The additional fields are specified in the following table:

additional semantic descriptions: class denotes the additional type. offset-x, offset-y are the horizontal and vertical offset values, respectively, relative to the parent element layout parameter.

(15) List format specification: using List tags to represent a List, wherein a starting tag < List > and an ending tag </List > identify the starting and ending range of the List, the List contains List items, and the starting tag < Item > and the ending tag </Item > identify the starting and ending range of the List items; as follows:

the list field is specified in the following table:

list semantic description: id is used to identify List or Item. The style attribute of the List is used to identify the style of the List. text represents list item identification text. value is a weight value and is used for specifying a corresponding numerical value or score when the list item is selected. tip represents the hint information. The group-id represents a group id, and the same group id value represents the same group with the same attribute and cannot be selected at the same time when being selected.

(16) And (3) frame selection format specification: the CheckBox tags are used to represent the box, the start tag < CheckBox > and the end tag </CheckBox > identify the start and end range of the box; as follows:

the box field is specified in the following table:

and (3) selecting a frame semantic description: id denotes the box id. style represents a box style. text represents a box-identifying text. value represents a weight value and is used for specifying a corresponding numerical value or score when the selection box is selected. tip represents the hint information. The group-id represents the group id, and the same group id value represents the same group of attributes. If the check box has a group-id attribute, the check box is represented as a radio box, otherwise, the check box is represented as a check box.

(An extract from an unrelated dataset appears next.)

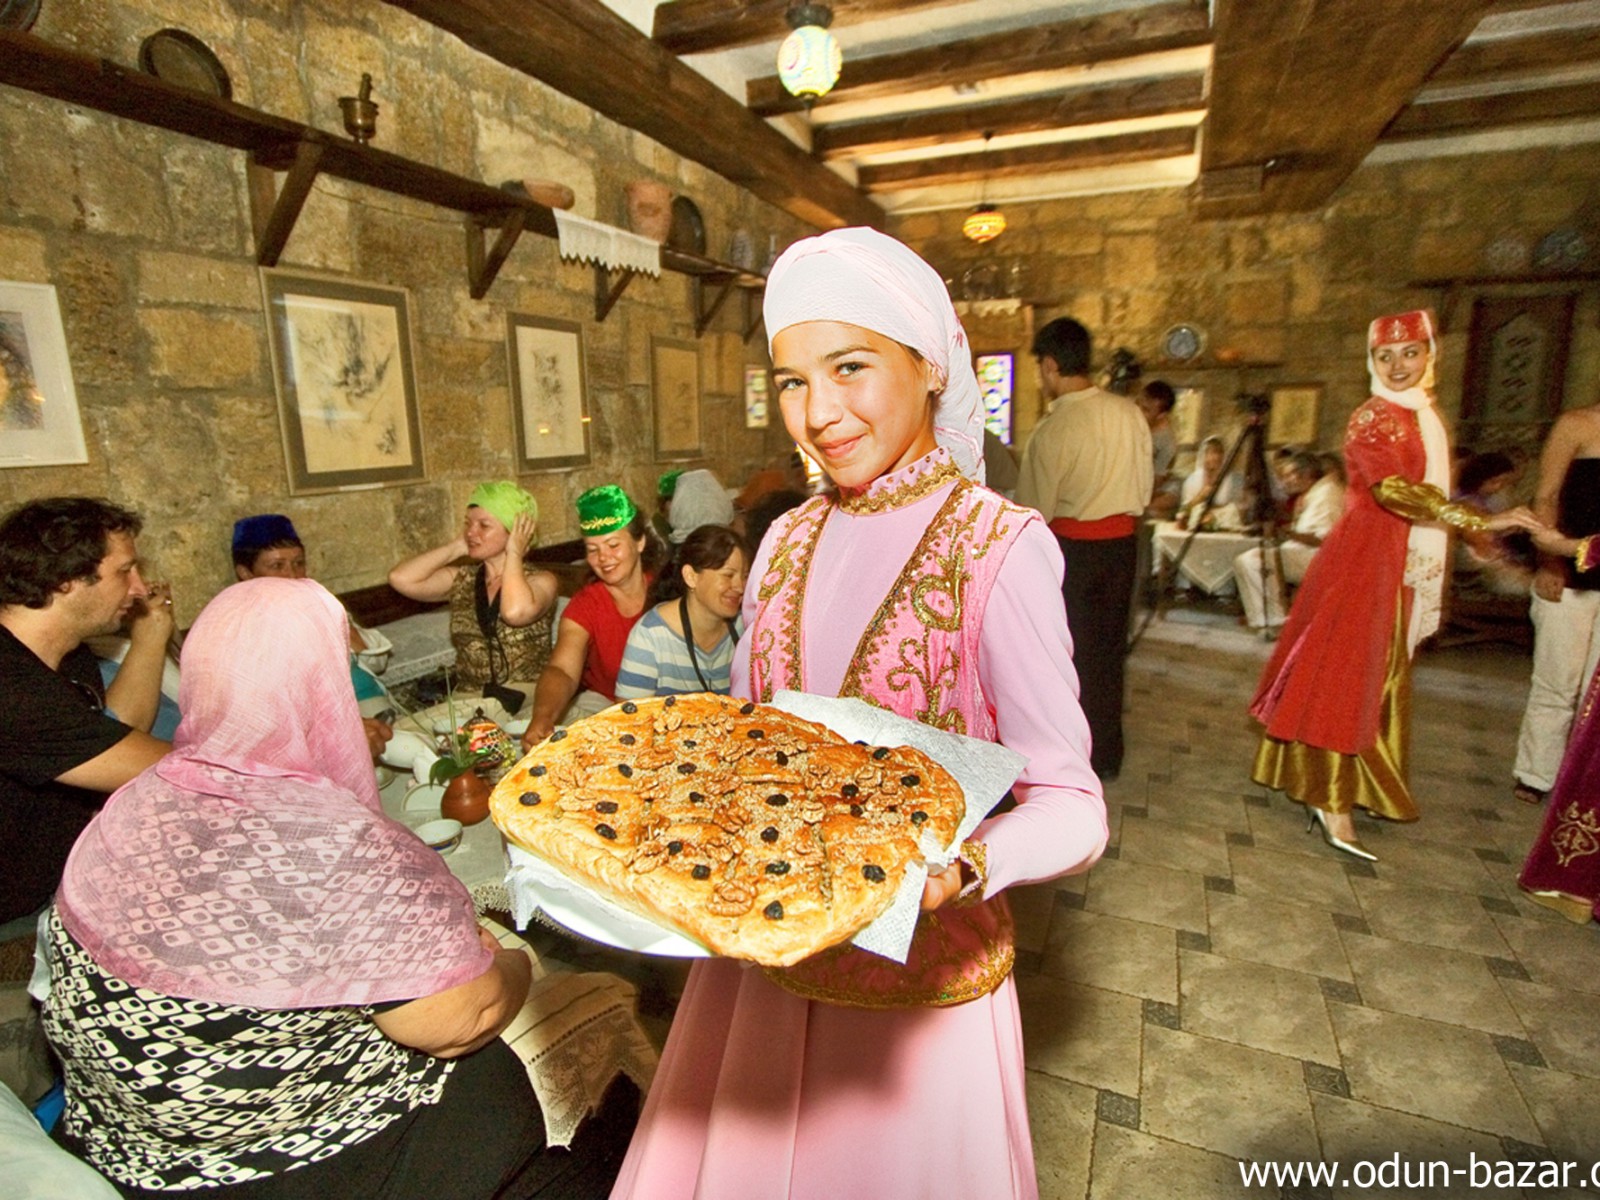 Крымскотатарская кухня

(17) Element format specification: element tags are used to represent elements, the start tag < Element > and the end tag </Element > identify the start and end scope of the Element;

an element is a combination of a piece of content. An element may determine whether other elements may be included according to the configuration. As follows:

the element field is specified as shown in the following table:

element semantic description: the ID is used to identify the element ID. class represents the element class. name represents the current element entity name. note represents background text. tip represents the hint information. default-text denotes an initial default value. value represents the weight value and is used for the corresponding numerical value when the elements are subjected to comprehensive operation. before-tag indicates the tag content added before the element content. The after-tag represents the tag content added after the element content. start-border denotes an element start boundary identifier. end-border denotes an element end boundary identifier. input-mode represents the input type. Such as direct input, selection input, specific time format. width means the set element width dimension. An include-cfg representation may contain the content type.

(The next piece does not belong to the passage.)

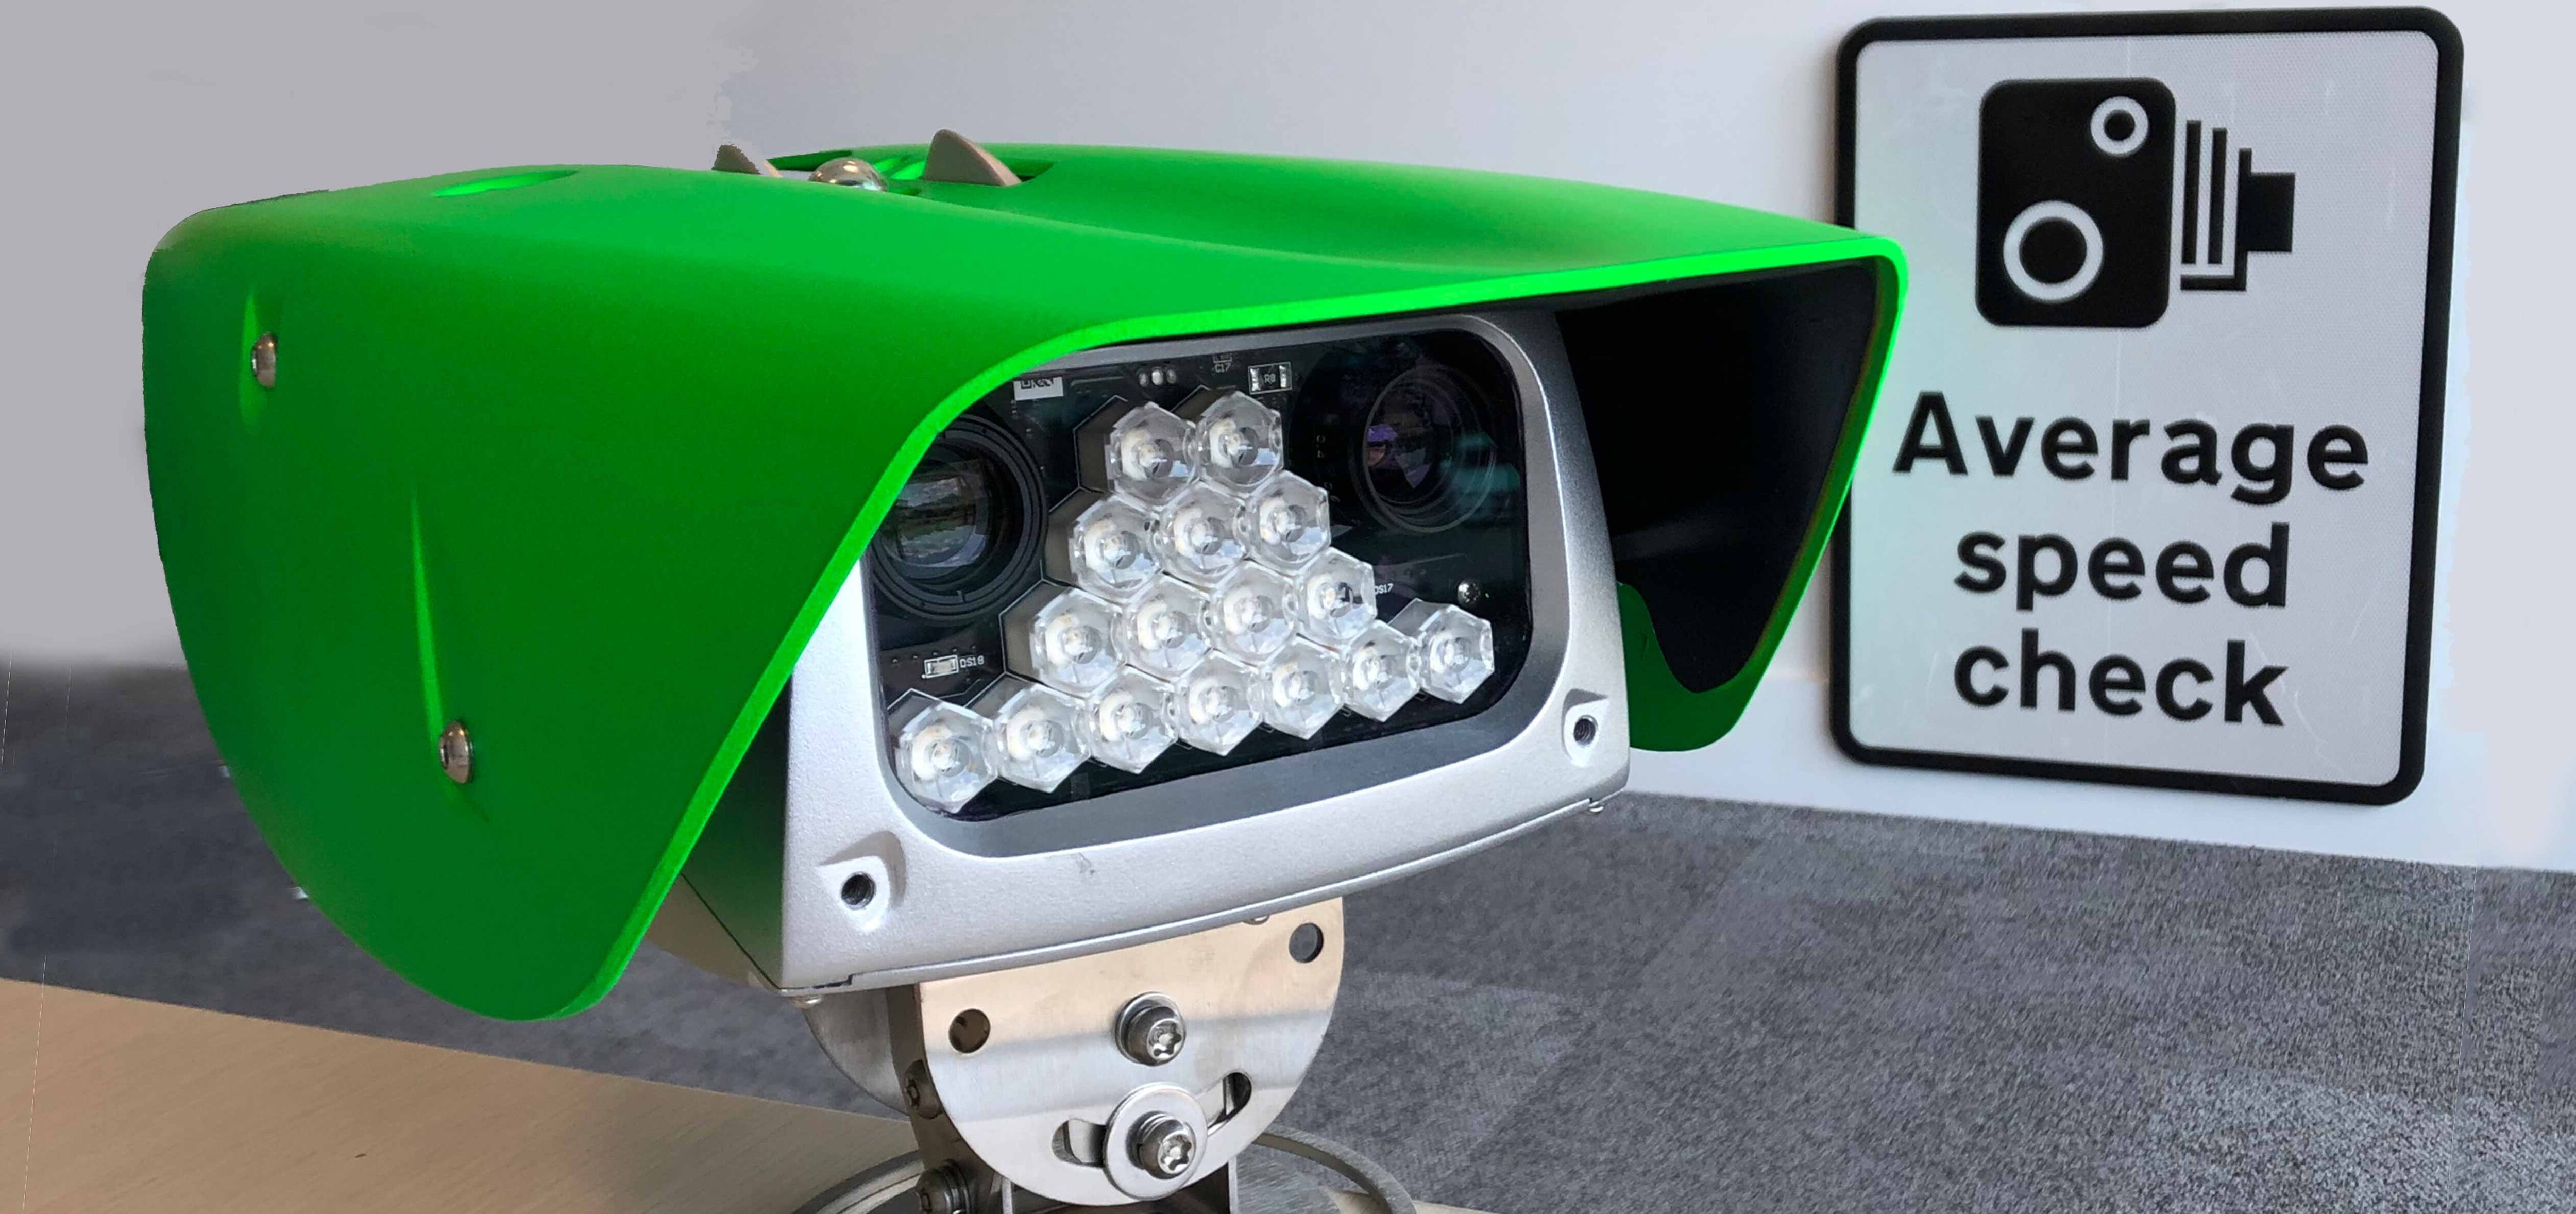 Grüne Umweltkameras für eine sauberere Welt – SPECS-Kameras

The significance of the bit-control attribute of an element is shown in the following table:

(18) specification of expression format: an Expression is represented using an < Expression/> self-close tag; as follows:

the expression field is specified as shown in the following table:

semantic description of expressions: the event represents a triggering event. action means to execute an action, and is an action having a specific meaning. source represents a data source. field denotes a field. write-back indicates that the content update is written back to the data source mode. mode is an execution mode, including "always execute", "execute once only", and "do not execute".

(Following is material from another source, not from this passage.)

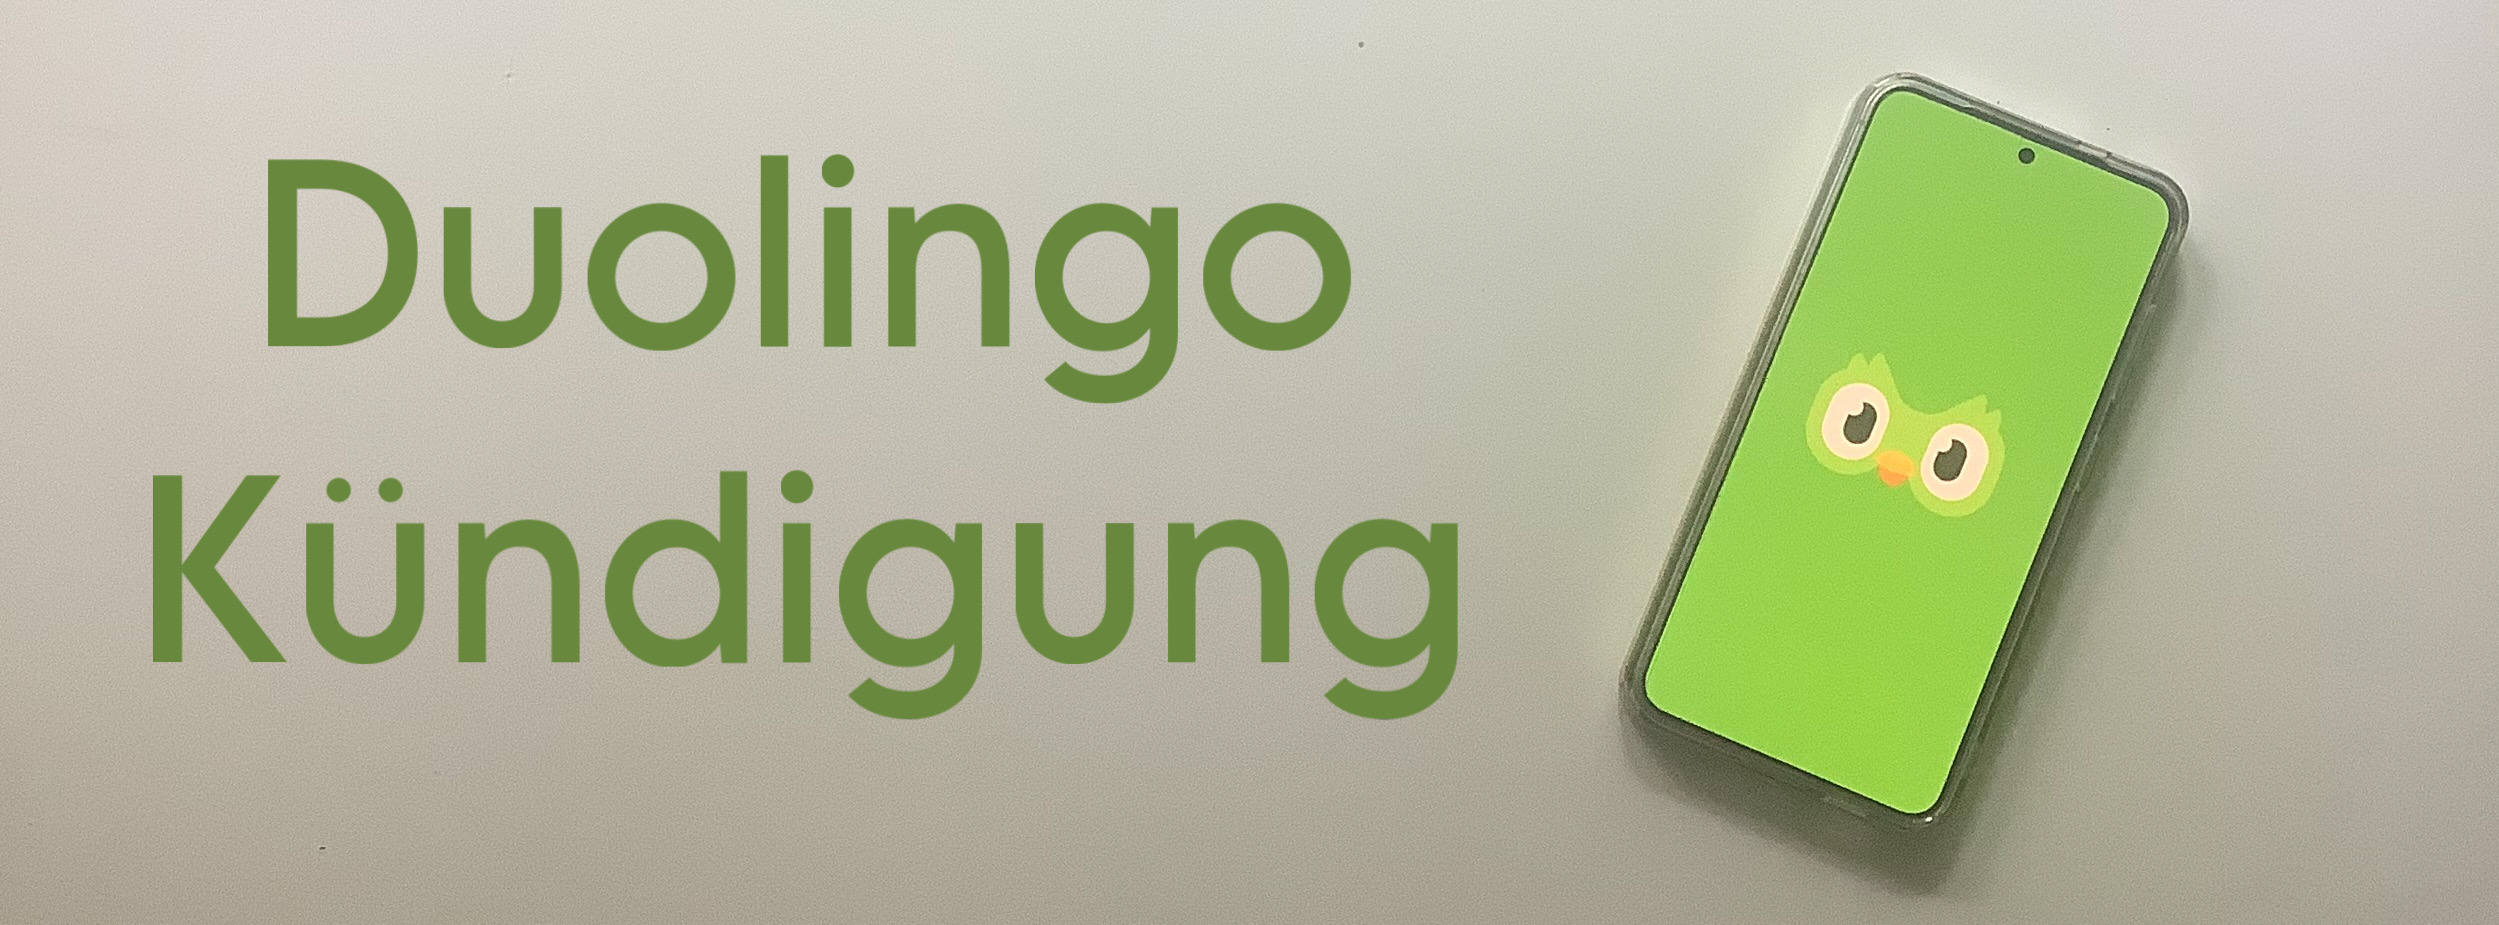 Duolingo Kündigung Cover

(19) And (3) specification of an annotation format: an annotation is represented using the < Antotate/> self-closing tag; as follows:

the annotation fields are specified in the following table:

annotating semantic descriptions: the annotation element does not store specific annotation content, but uses the session id to map specific annotation interaction information in the system. The annotation contents can be nested with each other, and an annotation start is represented by < Annotate id ═ xx ═ type ═ start/>. The end of an annotation is indicated by the use of < Annotate id ═ xx ═ type ═ end/>.

(20) Revising the information format specification: editor/> self-close tag is used to represent Editor information as follows:

the revision information field is specified as shown in the following table:

and (3) revising information semantic description: the serial-id represents a revision serial number, the serial number is sequentially increased from 0, and the correction time is later as the serial number is larger. id is used for reviser identification. name is used to identify the reviser name. time is used to identify the revision time.

(21) Page format specification: the page is a page display virtual concept inside the body, namely the page size is determined by using the paper width and the paper height of the document attributes, and the layout relation of a header and a footer in the page is determined by using the document margin reservation related parameters. In the normal mode, page information does not need to be saved in a standard document markup language file. If a third party application has a need to extract page information, the pages may be defined in the following format when saved to a standard document markup language file:

the page field specifies: pages are virtual view concepts whose attributes may determine the parameters of the page using document (Doc), body (Main) related attributes. As shown in the following table:

page semantic description: width and height respectively represent the paper width and the paper height to represent the layout paper size of the current document. top-margin, bottom-margin, left-margin and right-margin respectively represent the upper, lower, left and right margin reservation of the internal space of the page, and the layout space of the content in the text area in the page is determined. Page-num identifies the page number of the current page.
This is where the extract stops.